Con el crecimiento del negocio de la cocaína y la declaración de Estados Unidos a la “guerra contra las drogas”, el Estado colombiano comienza a hacer uso del término “narco-guerrillas” de forma oportunista para deslegitimar la lucha armada y fomentar la continuidad de la guerra contra la insurgencia.
A partir de la implementación del Plan Colombia, se asume que el Estado es débil para hacerle frente a la amenaza que representa la guerrilla, motivo por el cual se hace necesaria la ocupación militar del territorio nacional y también del Estado, así como también una serie de reformas y ajustes con el objetivo de respaldar el proceso de paz. Se trata en los hechos de una militarización en todos los aspectos patrocinada por Estados Unidos para la defensa de sus intereses estratégicos en el territorio.
Sin embargo, el período de mayor sumisión se da a partir del mandato de Álvaro Uribe. Durante esos años se le concede a Estados Unidos el uso de siete bases militares en el territorio, luego de que en Ecuador el entonces presidente Rafael Correa se negara a ceder la base de Manta. A medida que aumenta la asistencia militar de Estados Unidos, crecen los grupos paramilitares. Curiosamente, si bien esta asistencia tiene como fin combatir al narcotráfico, el grueso de las operaciones militares no se desarrollan en áreas donde opera la producción de cocaína, que en este período comienza a aumentar significativamente y cuyo mayor cliente es Estados Unidos que adquiere el 70% de la droga colombiana.

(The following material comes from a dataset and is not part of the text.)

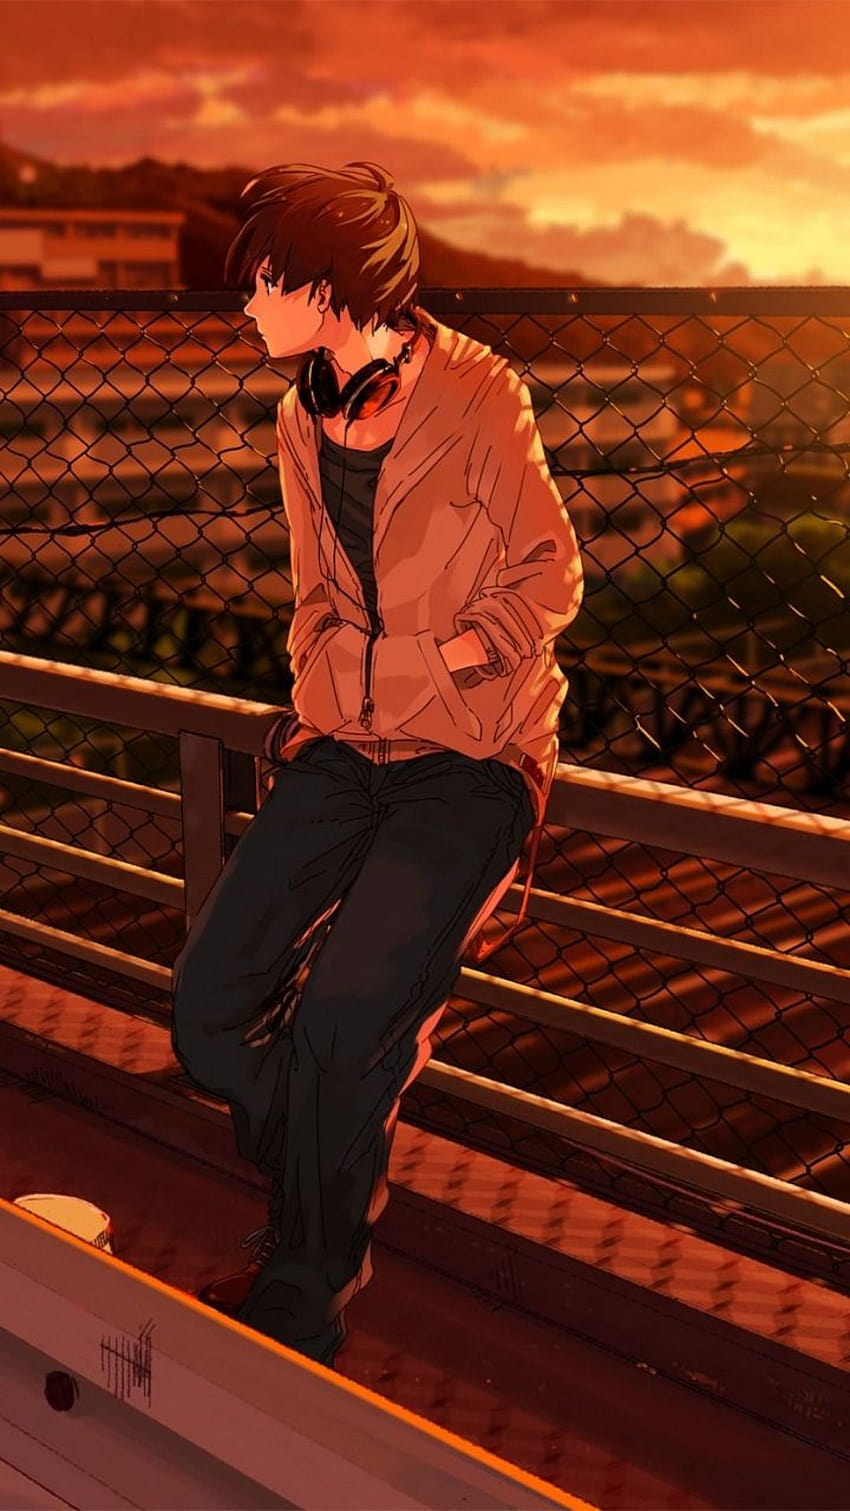 112 Wallpaper Sad Boy Anime 4k For FREE - MyWeb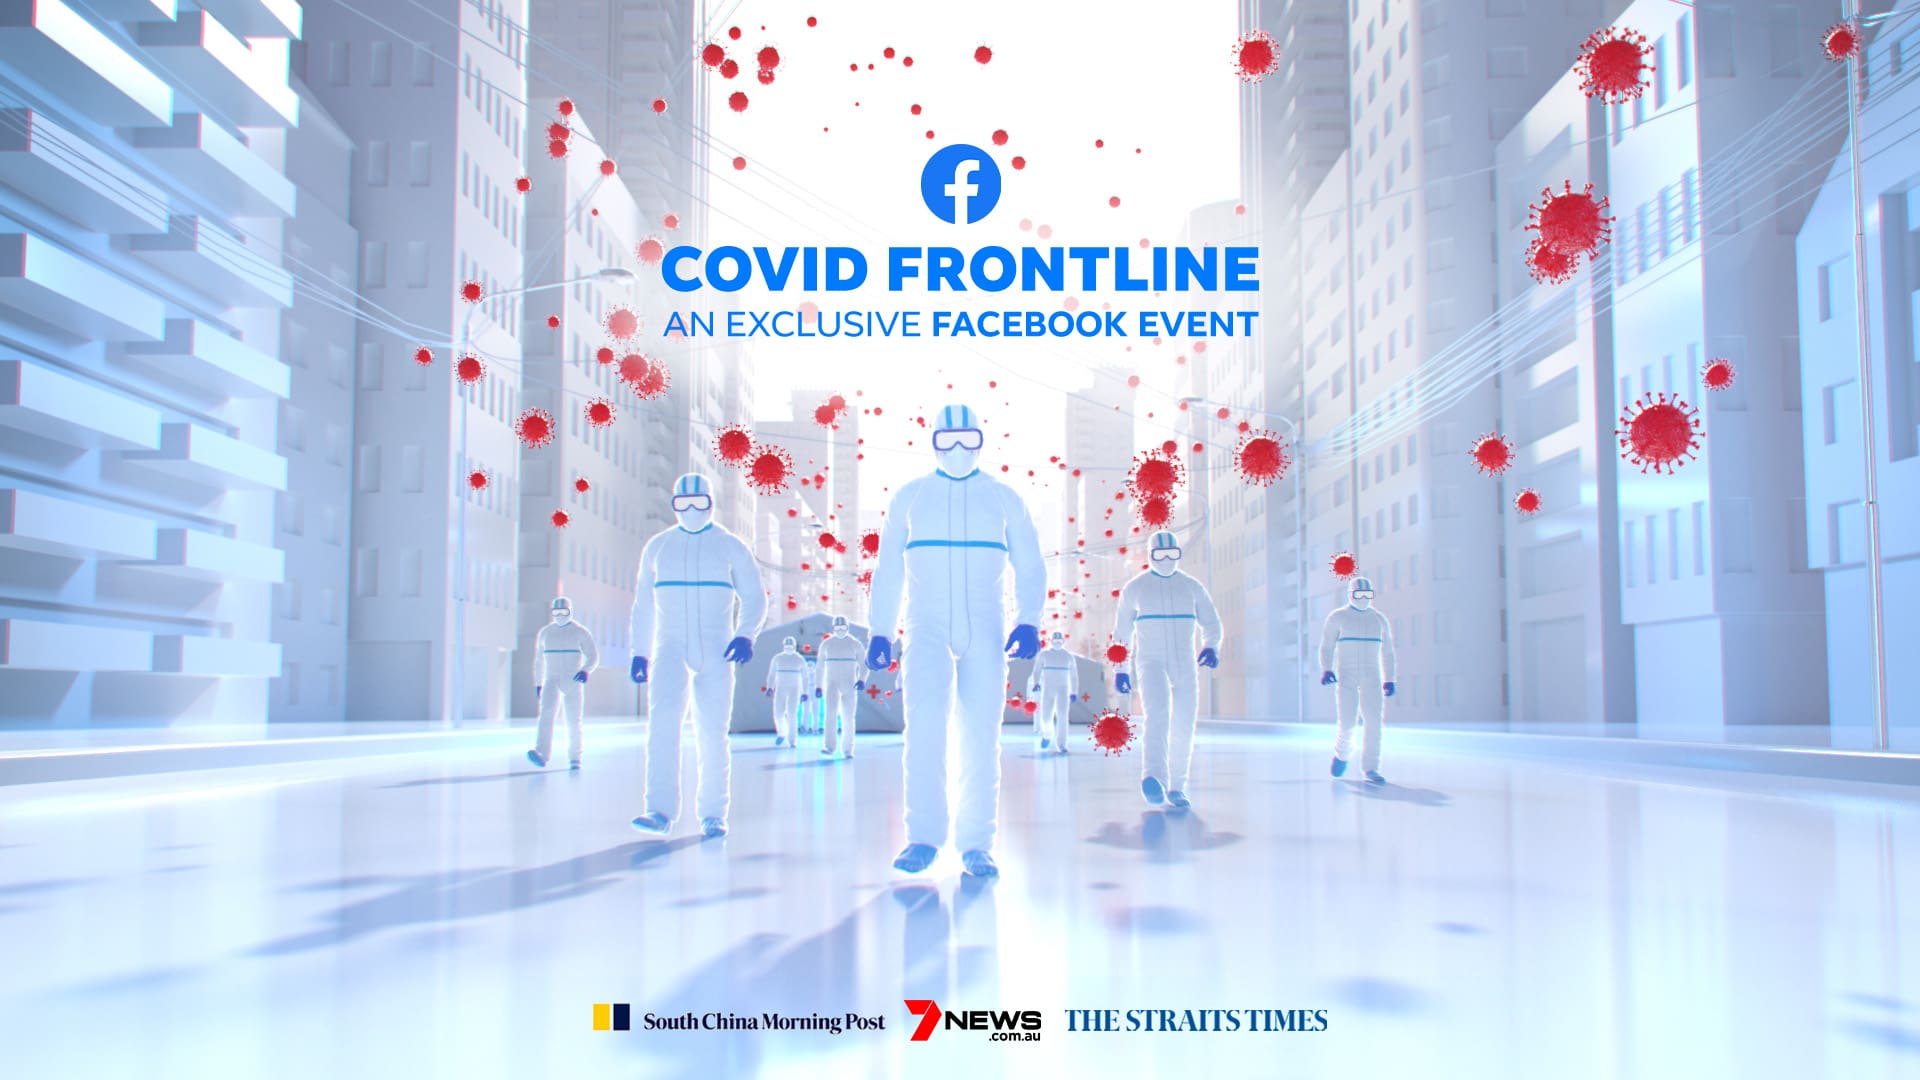 Facebook: COVID Frontline

La situación de violencia política y social prolongada que vive Colombia es producto de una estrategia imperialista no sólo para el país sino para la región. La aplicación de las diferentes doctrinas militares muestran al país como un laboratorio práctico de la contrainsurgencia en todo el continente, que con el inicio de la guerra contra las drogas pone al narcotráfico como combustible del conflicto y permite no sólo mayores niveles de ayuda militar y económica de los Estados Unidos sino también niveles cada vez más altos de impunidad para los sucesivos gobiernos colombianos.
El desafío que se presenta ante la elección para atender las demandas de la población sobre vivienda, trabajo y condiciones dignas de vida es lograr la desarticulación de la estructura que consolidó la violencia política y social como método para sostener el poder en manos de una oligarquía subordinada a intereses extranjeros. Se trata sin dudas de una tarea por demás compleja en un contexto de naturalización de la violencia más explícita y ante la sombra del imperialismo norteamericano en plena decadencia.